Additional data from large randomized clinical trials with study populations representative of the worldwide epidemic of HIV-1 infection are needed to better inform guidelines for antiretroviral use in men and women. The objective of this post-hoc analysis was to investigate the effects of sex on antiretroviral efficacy and safety, and participant retention in a randomized clinical trial of initial antiretroviral therapy, the Prospective Evaluation of Antiretrovirals in Resource Limited Settings (PEARLS) study of the AIDS Clinical Trials Group (ACTG study A5175), which a high proportion of women from diverse settings with randomized assignment of antiretroviral regimens [16].

METHODS

Design Overview and Patient Setting/ Participation

The parent PEARLS study enrolled 1,571 antiretroviral-naïve participants with CD4+ lymphocyte count <300 cells/mm3 from nine countries (Brazil, Haiti, India, Malawi, Peru, South Africa, Thailand, the United States and Zimbabwe) from May 2005 to August 2007 and followed participants until May 2010 [16]. Women who received prior single dose nevirapine or zidovudine for prevention of mother-to-child transmission of HIV-1 (pMTCT) were included. Women who used two or more antiretroviral drugs for pMTCT for more than seven days within the prior six months were excluded. Potential participants were also excluded if they had an acute illness, opportunistic infection with less than two weeks of treatment, pregnant, chemotherapy or radiation therapy or a laboratory values > grade 2 per the DAIDS toxicity table 2004 within the prior 45 days [17]. Informed consent was obtained from all participants and the human experimentation guidelines of the U.S. Department of Health and Human Services were followed. The study was approved by local site institutional review boards and ethics committees. The CONSORT check list was used in the preparation of this manuscript.

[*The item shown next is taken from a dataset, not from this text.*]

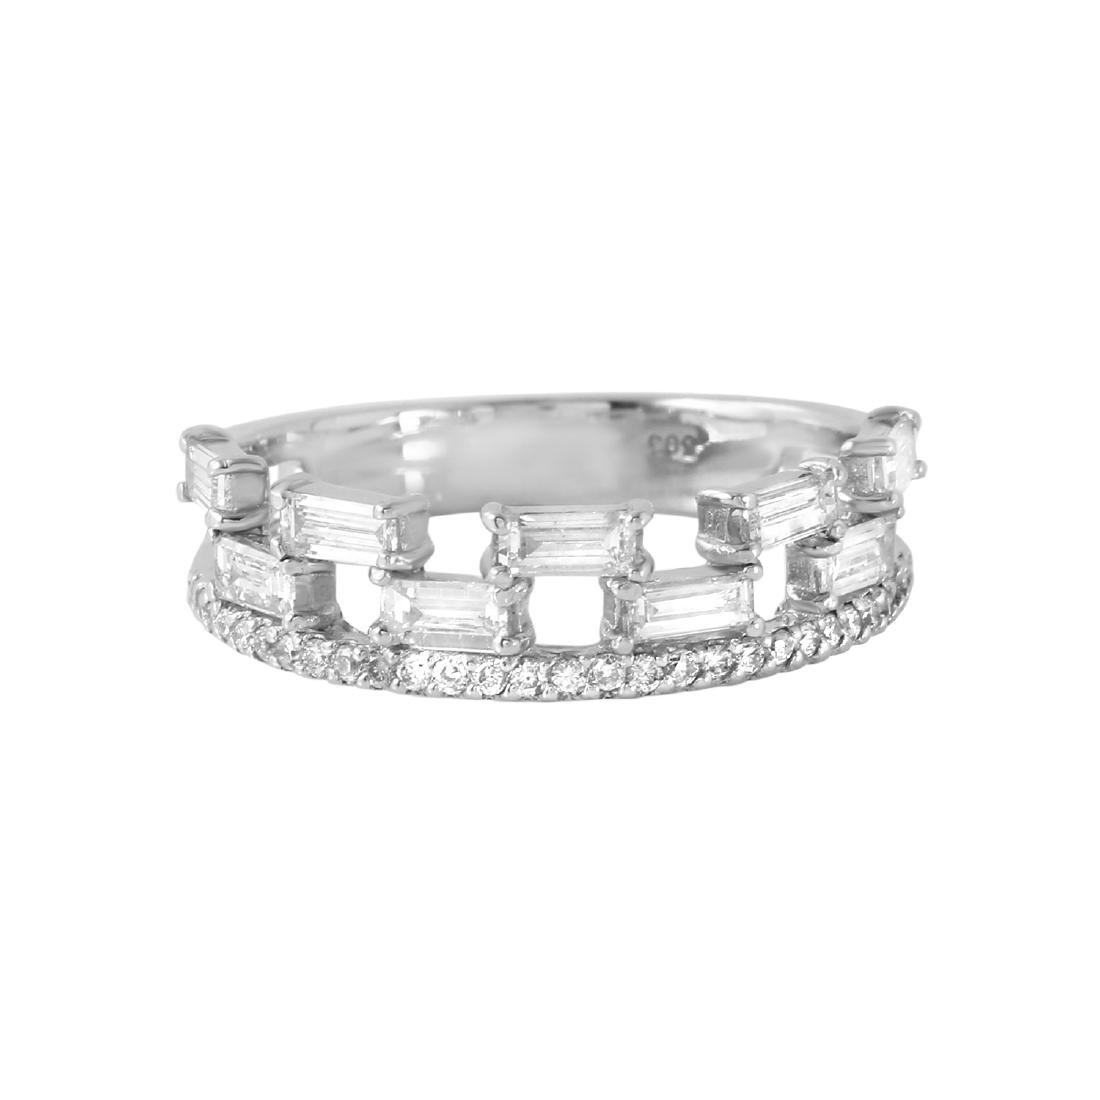 0.80 Carat Natural Diamond 18K Solid White Gold Ring - 2

Randomization and Intervention

Study participants were randomly assigned with equal probability within country and HIV-1 viral load strata (<100,000 copies/ml versus ≥100,000 copies/ml) to one of three open-label antiretroviral regimens: efavirenz plus co-formulated lamivudine-zidovudine (EFV+3TC-ZDV), atazanavir plus didanosine-EC plus emtricitabine (ATV+DDI-EC+FTC), or efavirenz plus co-formulated emtricitabine-tenofovir-DF (EFV+FTC-TDF). Atazanavir without boosting was used in naïve patients as this was an approved use of Atazanavir during the time the study was conducted.

Outcomes and Follow-up

The primary endpoint of the parent PEARLS study was treatment failure defined as the time from randomization to first occurrence of one of the following: 1) virologic failure defined as two successive measurements of plasma HIV-1 RNA ≥1000 copies/mL starting at study visit week 16 or later, 2) HIV-1 disease progression; or 3) death due to any cause. The primary safety endpoint was time from randomization to first occurrence of one of the following: 1) onset of first grade ≥3 (at least one grade higher than entry) sign/symptom, 2) first laboratory abnormality grade ≥ 3 (at least one grade higher than entry), or 3) last dose of antiretrovirals before regimen change. Hyperbilirubinemia from atazanavir was not considered in the study as a safety endpoint as this is an expected effect of this drug. Participants who did not meet the efficacy or safety endpoint were censored at the earliest of the last study visit that the following occurred: viral load measured, last study visit for safety endpoint assessment or final medication dose. Premature study discontinuation occurred when the last study visit occurred prior to the study close-out period (April – May 2010) [16].

Study Oversight and Monitoring

The United States National Institute of Allergy and Infectious Diseases (NIAID) Multinational Data Safety Monitoring Board reviewed safety and efficacy at least yearly. During a routine review (May 22, 2008), the ATV+DDI-EC+FTC regimen was found to be significantly inferior in efficacy compared to EFV+3TC-ZDV, participants receiving ATV+DDI-EC+FTC were placed on an alternative antiretroviral regimen and followed [16].

Statistical Analysis

A secondary analysis of the primary study was performed to evaluate sex-based comparisons on the primary efficacy, safety, and retention outcomes, and their components. For evaluation of virologic failure on the arm that was stopped early (ATV+DDI-EC+FTC), participants who had not already experienced virologic failure became at risk for this outcome at the 16 week visit following initiation of the subsequent antiretroviral regimen, and respective failure/censoring times were calculated from randomization. Distributions of pretreatment/entry characteristics were compared between sexes using Wilcoxon rank sum test for continuous variables and Chi-Square tests for categorical variables.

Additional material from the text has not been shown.